3 Law 552 - Antitrust - Instructor: Dwight Drake General Motors / Toyota Consent Decree Basic Facts: GM and Toyota formed joint venture to make a small Car (Nova), which would be sold to GM. Plan to produce 200k cars per year. Cars would be produced in GM’s idle plant in Fremont, CA. What was GM’s and Toyota’s market shares? What was business justification for joint venture from GM and Toyota perspective? What restrictions did FTC impose in its decree? What were three pro-competitive benefits per Chairman Miller? Did the JV circumvent import restrictions? Was the dissent correct is claiming that any automobile JV would be permitted under new antitrust standard set by FTC?

4 Law 552 - Antitrust - Instructor: Dwight Drake SCFC ILC, Inc. v. VISA USA, Inc. (10 th Cir. 1994) Basic Facts: Sears, through acquisition of S&L, sought to offer VISA card (“Premier Option”) in addition to its Discover card. VISA refused, under its rule 2.06 that prohibited any competing credit card issuer. Sears sued, alleging Sherman 1 violation for its exclusion from market. Dist. Ct. held there was Sherman 1 violation. What was relevant market per District Court? Per 10 th Cir? What were the parties market shares? What was VISA’s justification for its rule of exclusion?

5 Law 552 - Antitrust - Instructor: Dwight Drake SCFC ILC, Inc. v. VISA USA, Inc. (10 th Cir. 1994) Holding: VISA’s exclusion of Sears not Sherman 1 violation. - Relevant market is at issuer level, where market “remarkably unconcentrated”. - Dist. Ct finding of market power insufficient as matter of law. - Dist. Ct on uncharted journey of speculation, conjecture and theoretical harm. - Very existence of JV is premised on pooling of resources to effect competition. Issue is impact of rules of JV, not existence of rules. - VISA rule not impact general credit card market or pattern of distribution. - Sears not barred from market. - Exclusion of Sears not prevent Sears from developing new card.

6 Law 552 - Antitrust - Instructor: Dwight Drake SCFC ILC, Inc. v. VISA USA, Inc. (10 th Cir. 1994) Holding: VISA’s exclusion of Sears not Sherman 1 violation. - No evidence exclusion hurts consumers. - Sears already competes vigorously. - No reason to allow Sears to free ride on VISA technology. - To force VISA to admit intersystem competitors would “suck” court into “economic riptide of contrived market forces.”

7 Law 552 - Antitrust - Instructor: Dwight Drake DAGHER v. SAUDI REFINING INC. (“SRI”) (9 TH Cir. 2004) Basic Facts: Texaco and Shell formed national alliance of two joint ventures - Equilon in west; Motiva in east. SRI was part of Motiva. Ventures owned all down market refining and market activities, including refineries, research labs, thousands of stations, and all pipeline.
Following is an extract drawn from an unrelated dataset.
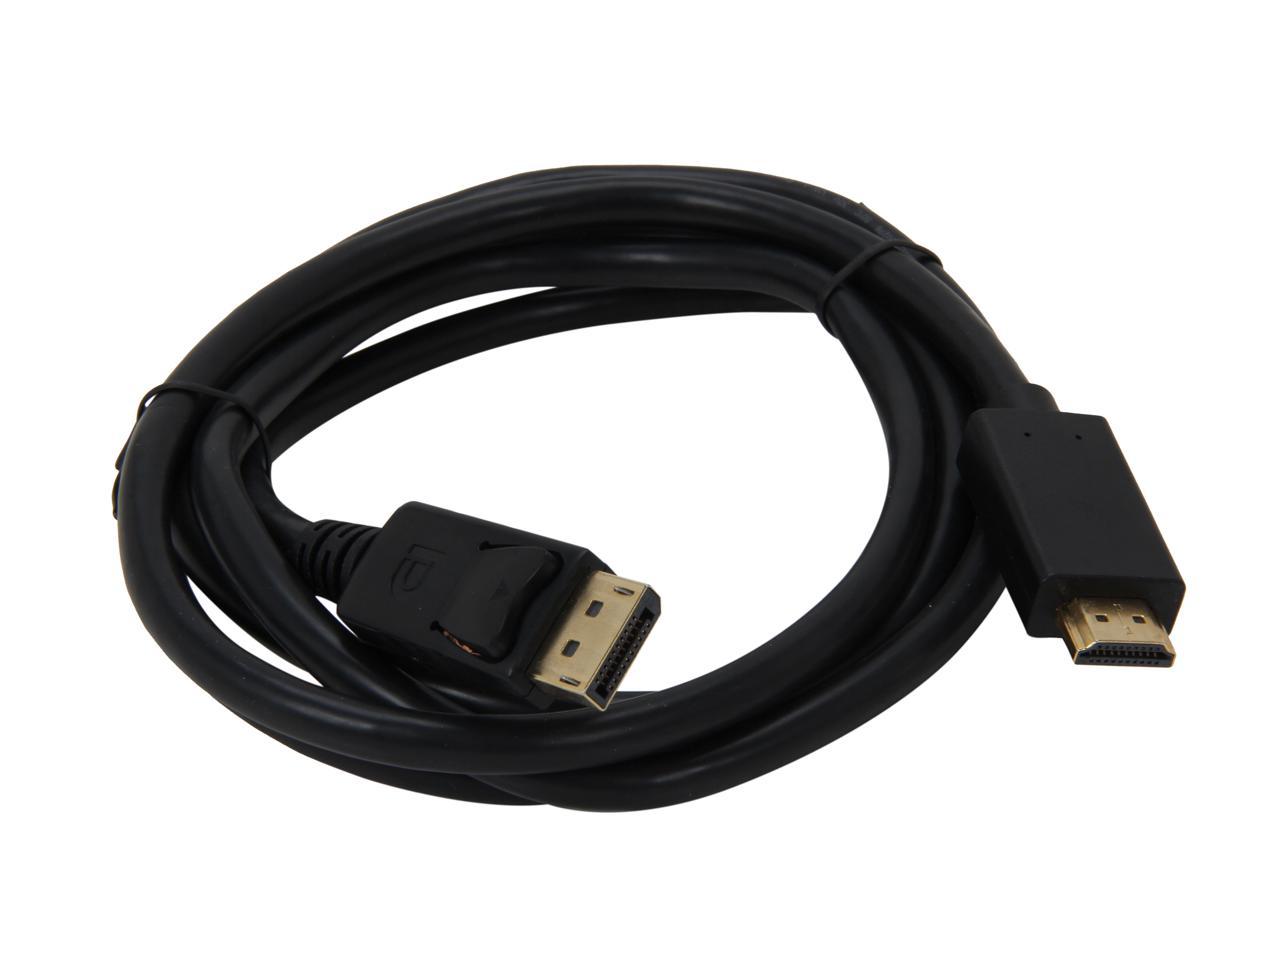 Nippon Labs DP-HDMI-6 6 ft. DisplayPort to HDMI Converter Cable Supporting VR / 3D / 4K, Black - DP to HDMI Adapter - (M/M) - image 2 of 3

Goal was to promote efficiencies by savings costs and consolidating operations. Single person had job of setting prices, which were same for both Shell and Texaco brands in both markets. West coast station owners (23k) sued under Sherman 1. What was standing issue re: SRI? How did District Ct. handle? What was Plaintiff’s theory of liability? Issue for summary judgment? How did Dist. Ct. decide per se price fixing issue on summary judgment? Was “rule of reason” even an issue? Why Not?

8 Law 552 - Antitrust - Instructor: Dwight Drake DAGHER v. SAUDI REFINING INC. (“SRI”) (9 TH Cir. 2004) Ninth Circuit: - Plaintiffs have no standing against SRI, who has no west coast involvement. No evidence SRI part of nationwide price fixing alliance – SRI not give a hoot what happens in west. Dist. Ct. summary judgment affirmed. - Dist. Ct. summary judgment for Defendants on per se pricing claim reversed. Unified pricing per se illegal. Presence of joint venture not relevant if pricing not necessary for efficiencies of JV. Here, no justification for naked price unification. Robinson Patman defense bogus – pricing not based on identify of customers. - Different result if merged into “one collective brand”, if each set its own prices at same level after independent analysis, or if evidence that unified price was important to legitimate aims of JV. - Dissent: JV is the business. It can set its prices free of Sherman 1.